Tot nu toe heeft één bestuur een beroep gedaan op het vangnet in verband met liquiditeitsproblemen.
Dit beroep is weer ingetrokken omdat de problemen van het bestuur geen relatie hadden met de
invoering van lumpsumbekostiging. Het bestuur heeft langs een andere weg de problemen opgelost.
Het aantal bezwaarschriften naar aanleiding van de lumpsumbekostiging is beperkt. Uiteindelijk zijn er
achttien bezwaarschriften ingediend, op in totaal bijna 1500 besturen. Acht bezwaarschriften zijn
blad 4/9
weer ingetrokken. Zes bezwaarschriften zijn ongegrond of niet ontvankelijk verklaard. Vier besturen
maken bezwaar naar aanleiding van de overgangsregeling. Deze laatste besturen geven aan dat de
gegevens die zijn gebruikt bij de toepassing van de overgangsregeling in hun geval niet klopten. Er was
echter al voorzien in een procedure om eventuele onjuistheden in de gegevens te corrigeren. Deze
besturen krijgen een nieuwe beschikking op basis van gecorrigeerde gegevens die zij hebben
aangeleverd.
De organisaties voor bestuur en management, de managementorganisatie, de vakbonden en de
administratiekantoren geven aan dat de overgang naar de nieuwe bekostiging over het geheel rustig is
verlopen. Er zijn weinig signalen over knelpunten. Daar is één uitzondering op. Er zijn schoolbesturen
die moeite hebben met de wijze waarop de bekostiging van de BAPO-regeling (ouderenverlofregeling)
in de lumpsum is verwerkt.
De besturen hebben twee zorgpunten ten aanzien van de bekostiging van de BAPO-regeling. Zij menen
dat in de vergoeding geen rekening wordt gehouden met de te verwachten stijging van deze kosten als
gevolg van de toename van de gemiddelde leeftijd van de leraren in het primair onderwijs. Daarnaast
stellen zij dat besturen die kort na de invoering van de lumpsumbekostiging te maken hebben met veel
BAPO-verlof financiële problemen zullen krijgen, omdat zij niet hebben kunnen reserveren voor deze
hogere kosten uit de vergoeding in voorgaande jaren.
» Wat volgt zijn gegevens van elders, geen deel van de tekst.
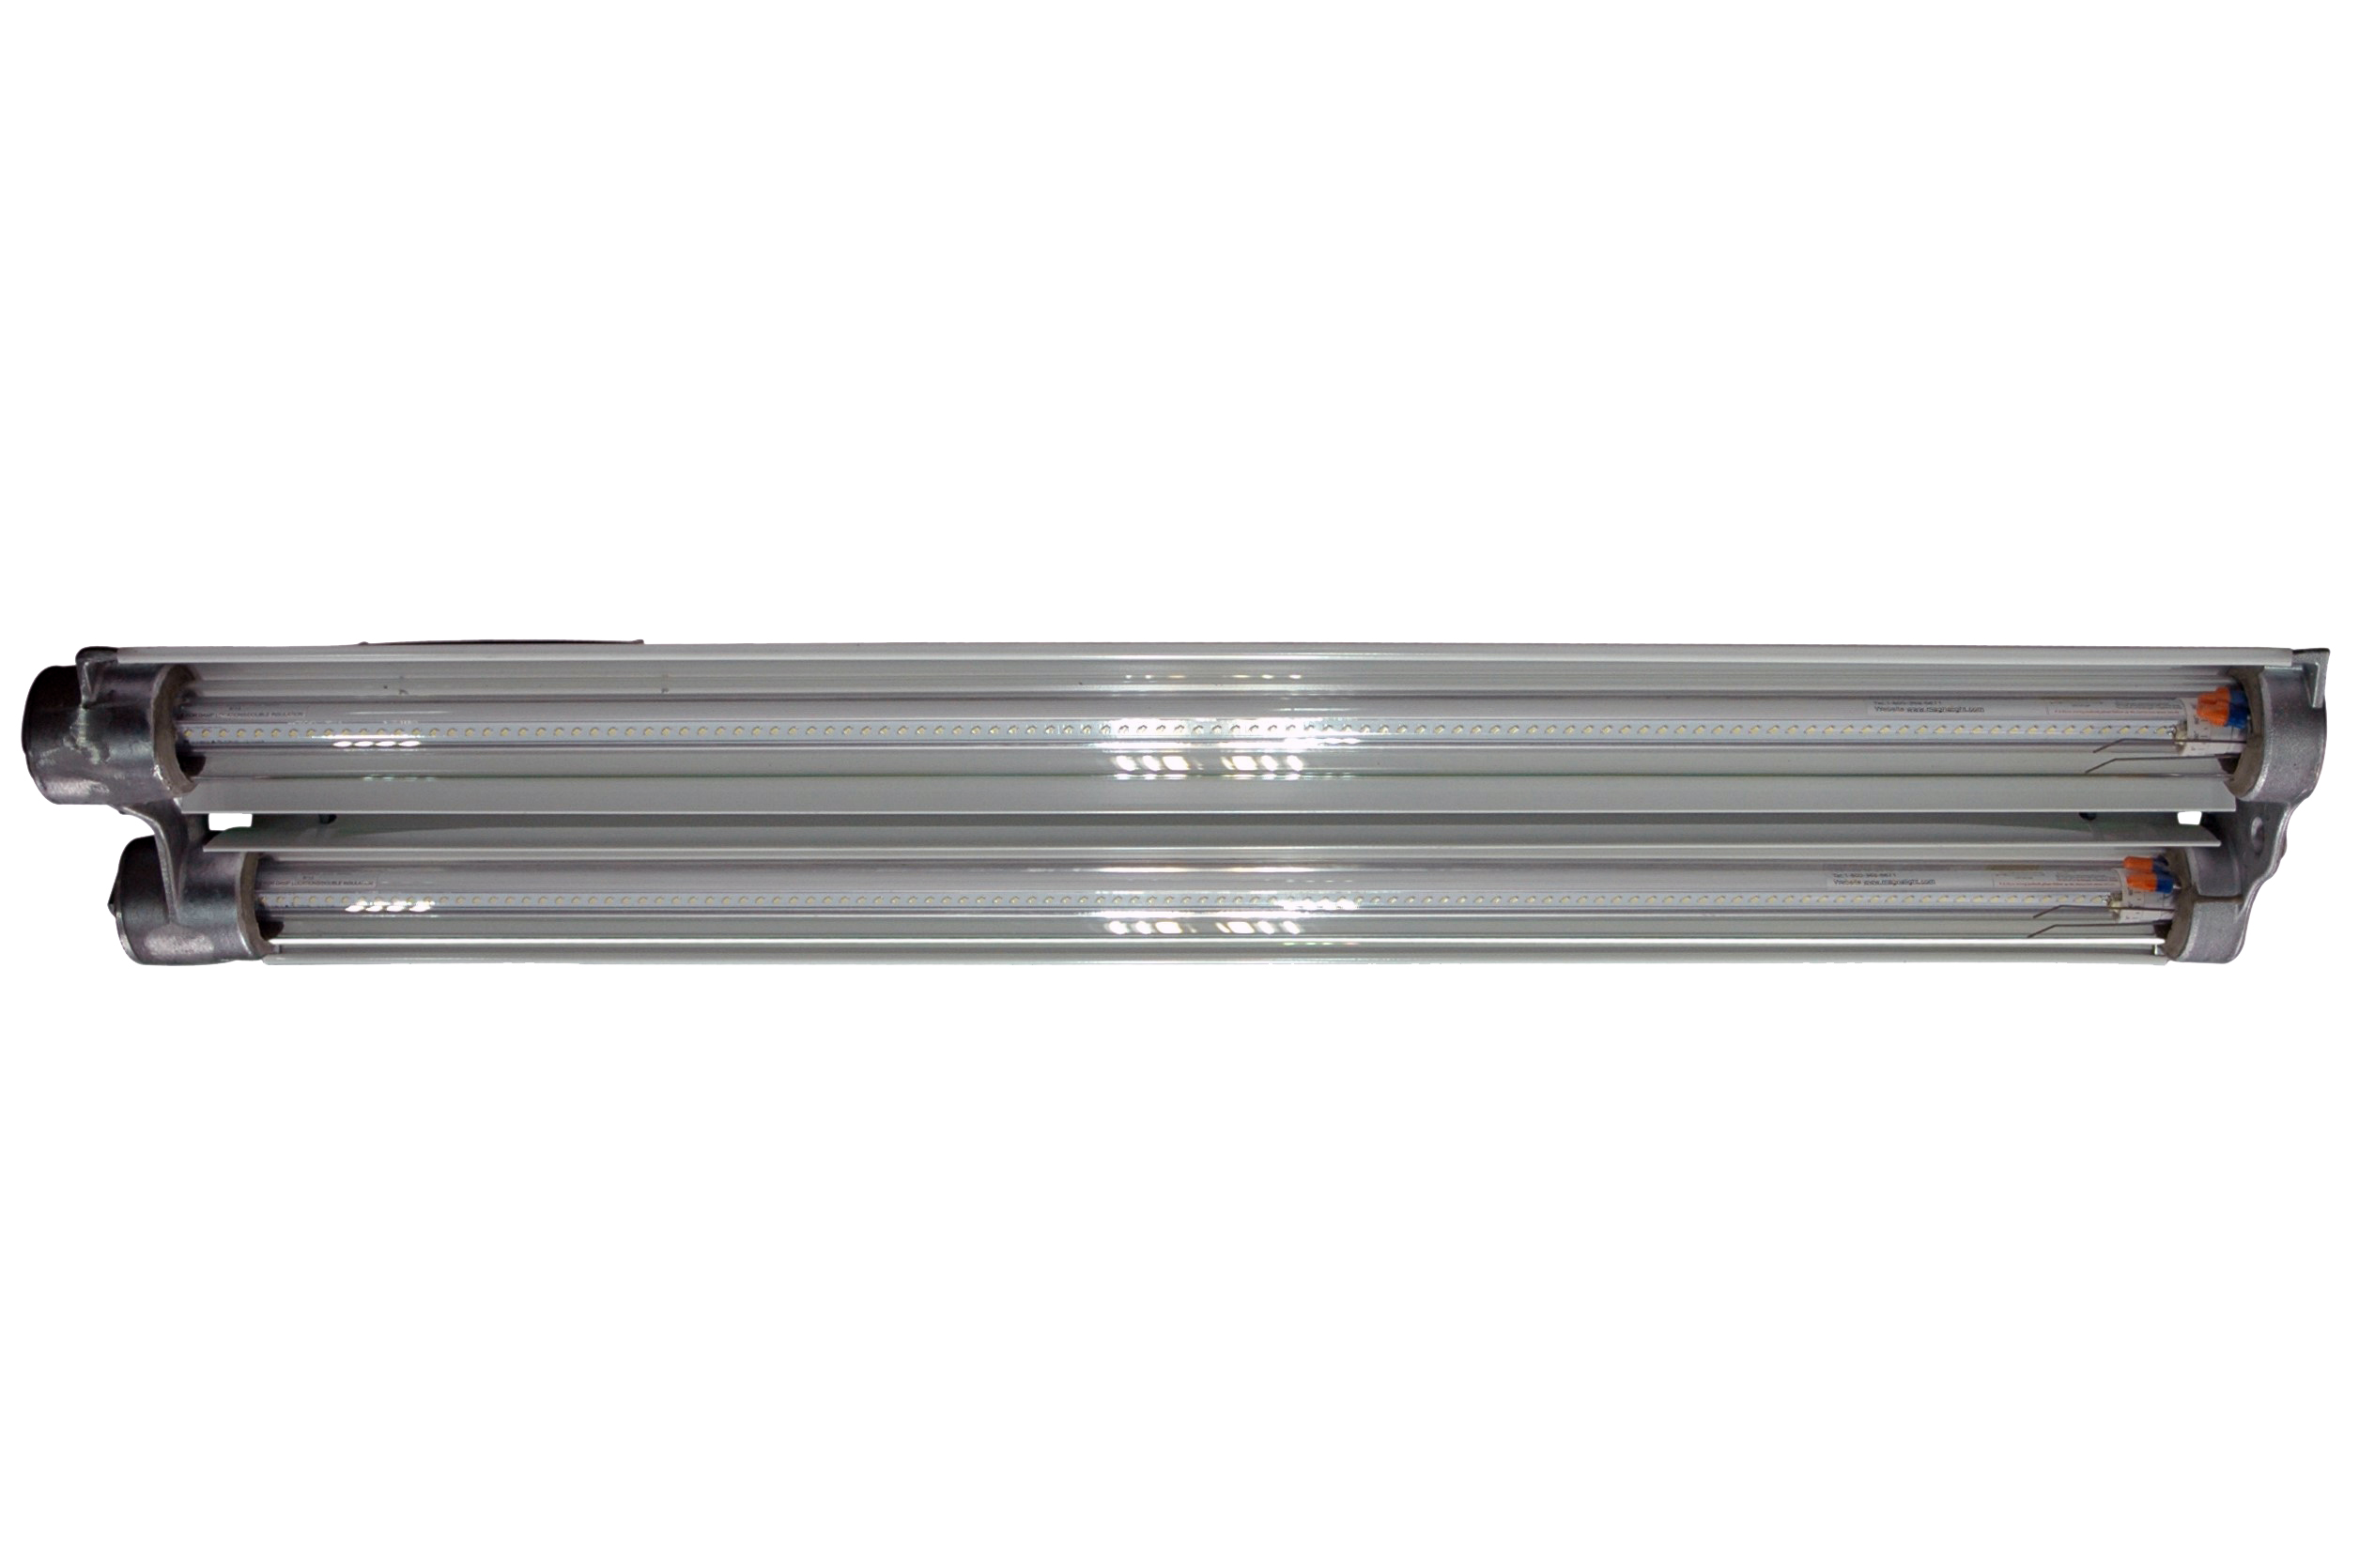 Class 1 Division 1 LED Light Fixture with Dimming Capabilities

In 2004 is onderzoek gedaan naar de toekomstige ontwikkeling van de BAPO-kosten. Op basis van dit
onderzoek is besloten de lumpsumvergoeding bij de start op 1 augustus 2006 eenmalig met 0,2% te
verhogen in verband met de BAPO-kosten. Uit het onderzoek blijkt dat de lumpsum inclusief deze
eenmalige verhoging hoog genoeg is om de BAPO daaruit te kunnen betalen. De ontwikkelingen in het
schooljaar 2004-2005 bevestigen het beeld. Op basis van het schooljaar 2005-2006 is het onderzoek
opnieuw uitgevoerd. Ook uit het nieuwe onderzoek komt naar voren dat binnen de lumpsumvergoeding
in voldoende mate rekening is gehouden met de toekomstige ontwikkeling van de BAPO-kosten. Het
onderzoek is besproken met de organisaties voor bestuur en management, de managementorganisatie,
de vakbonden en een vertegenwoordiging van de besturen die zorg uiten over de ontwikkeling van de
BAPO-kosten.
De kosten die besturen als gevolg van de BAPO-regeling hebben, kunnen door de jaren heen
verschillen. Het is dus de bedoeling dat besturen in jaren met lage kosten reserveren voor jaren met
hoge kosten. Als besturen nu, bij de invoering van lumpsum, te maken hebben met hoge kosten die zij
niet kunnen betalen omdat er te weinig reserves zijn, dan kunnen zij een beroep doen op het vangnet.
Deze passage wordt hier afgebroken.